After locating the line with "scarificateur peigne gazon" in the entries below, output it and each following line up to and including the line with "Agora é a hora", exactly and without pictures.

++++ GIVEN DATA

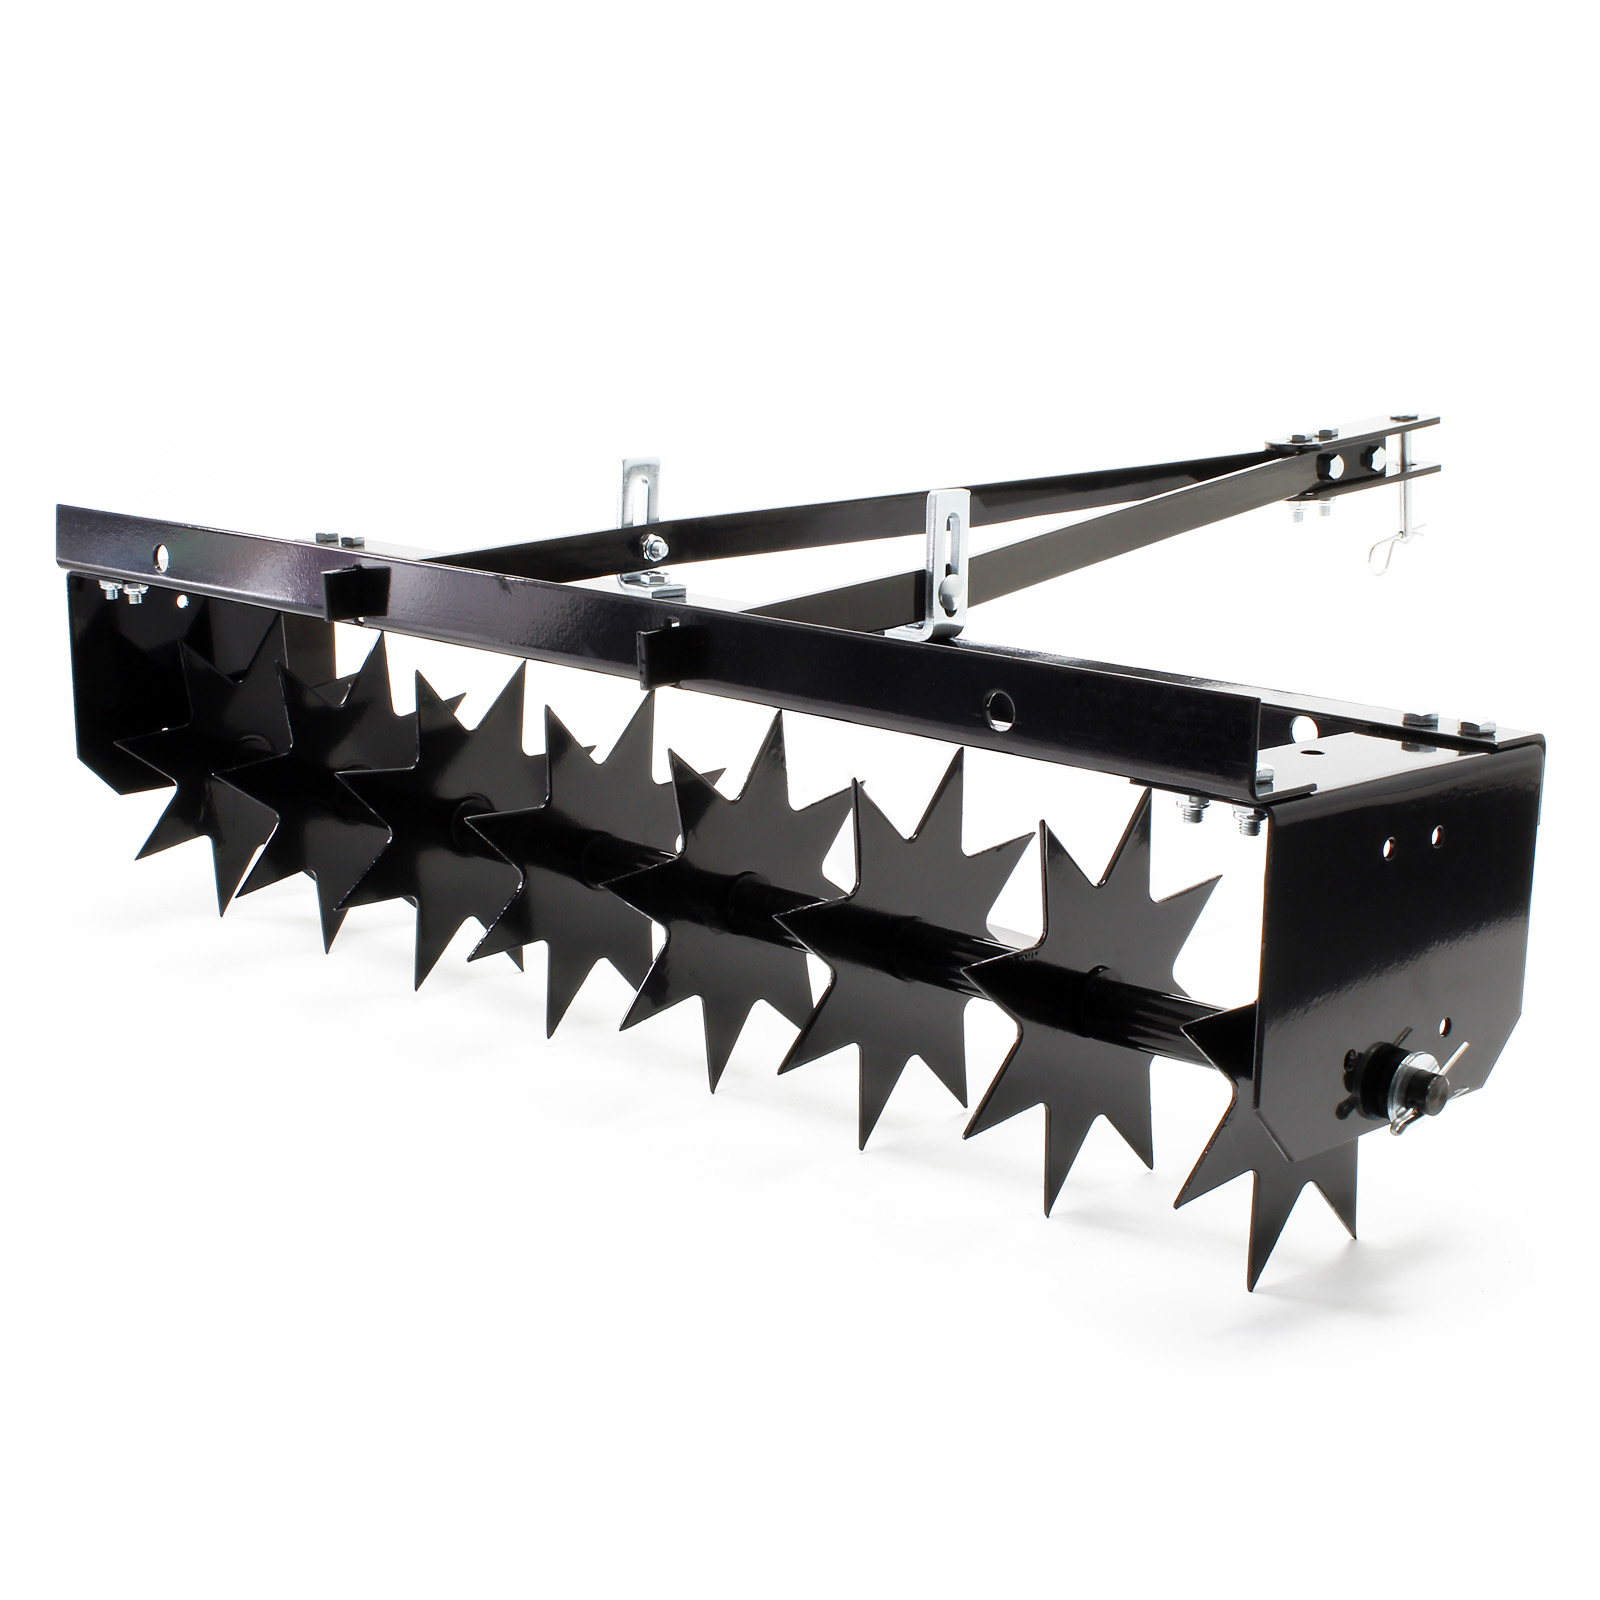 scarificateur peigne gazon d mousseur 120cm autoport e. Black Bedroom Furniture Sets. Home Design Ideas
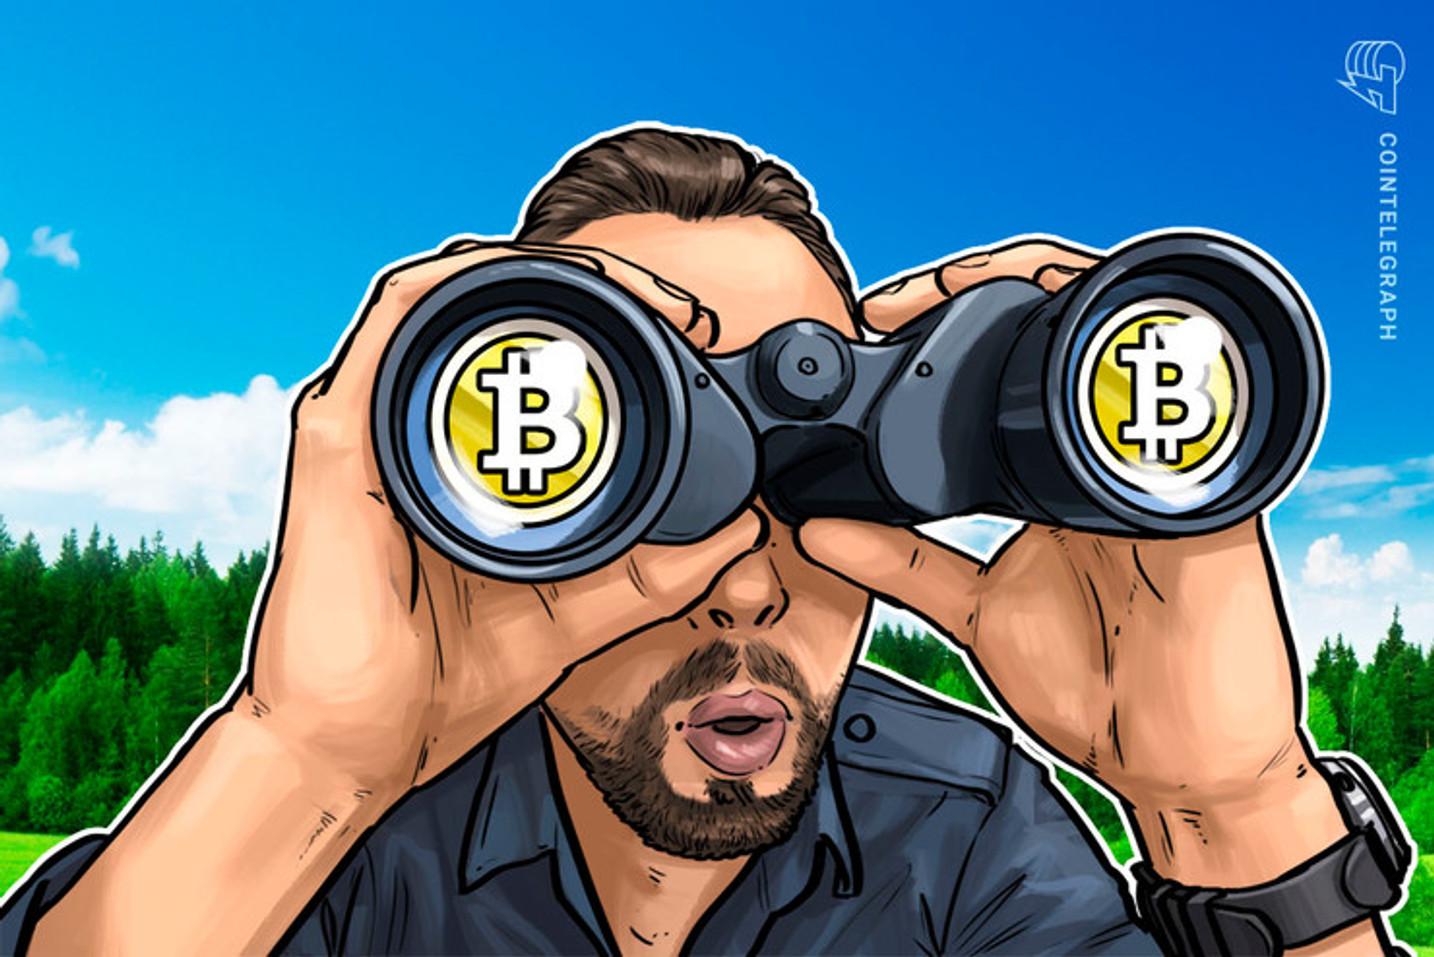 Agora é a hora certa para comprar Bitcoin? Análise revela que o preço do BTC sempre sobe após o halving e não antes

++++++++
++++ GIVEN DATA

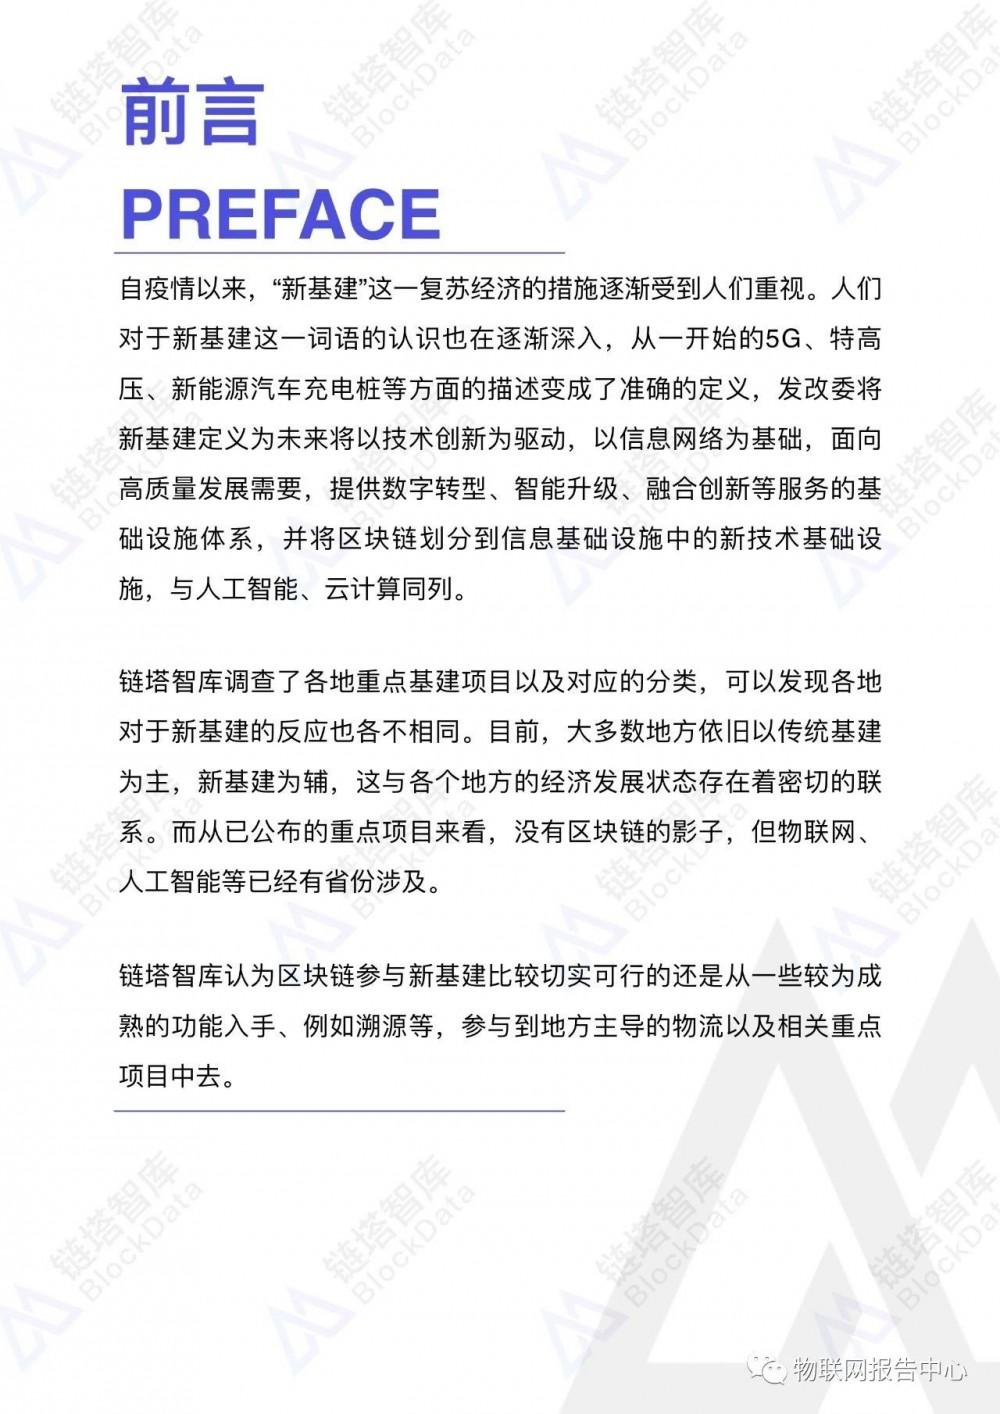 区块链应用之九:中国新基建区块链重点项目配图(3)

++++++++
++++ GIVEN DATA

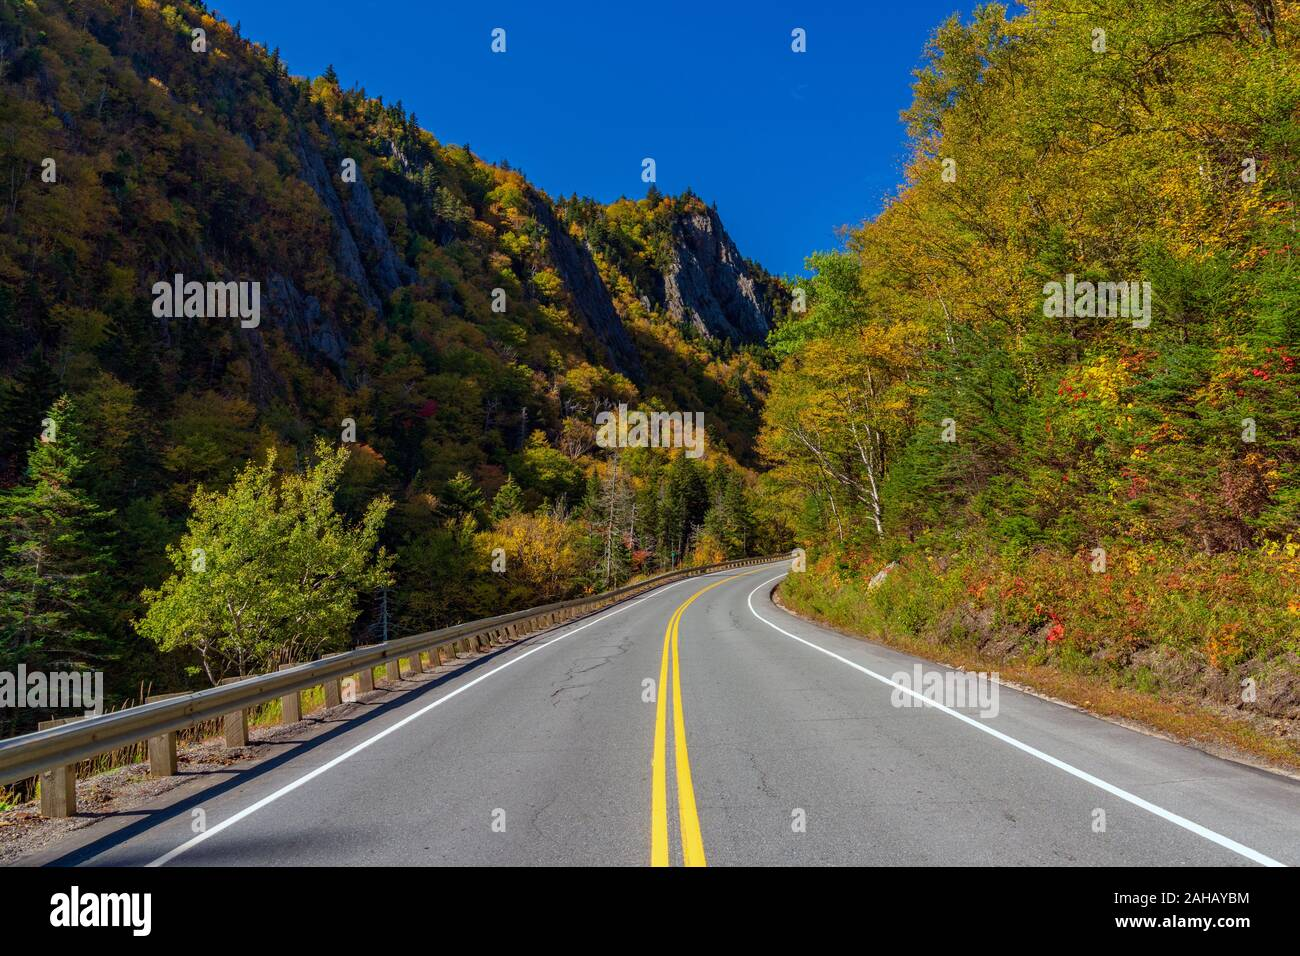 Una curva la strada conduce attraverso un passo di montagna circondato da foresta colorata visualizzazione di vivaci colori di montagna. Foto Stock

++++++++

### [EXERCISE RESPONSE]
 scarificateur peigne gazon d mousseur 120cm autoport e. Black Bedroom Furniture Sets. Home Design Ideas
 Agora é a hora certa para comprar Bitcoin? Análise revela que o preço do BTC sempre sobe após o halving e não antes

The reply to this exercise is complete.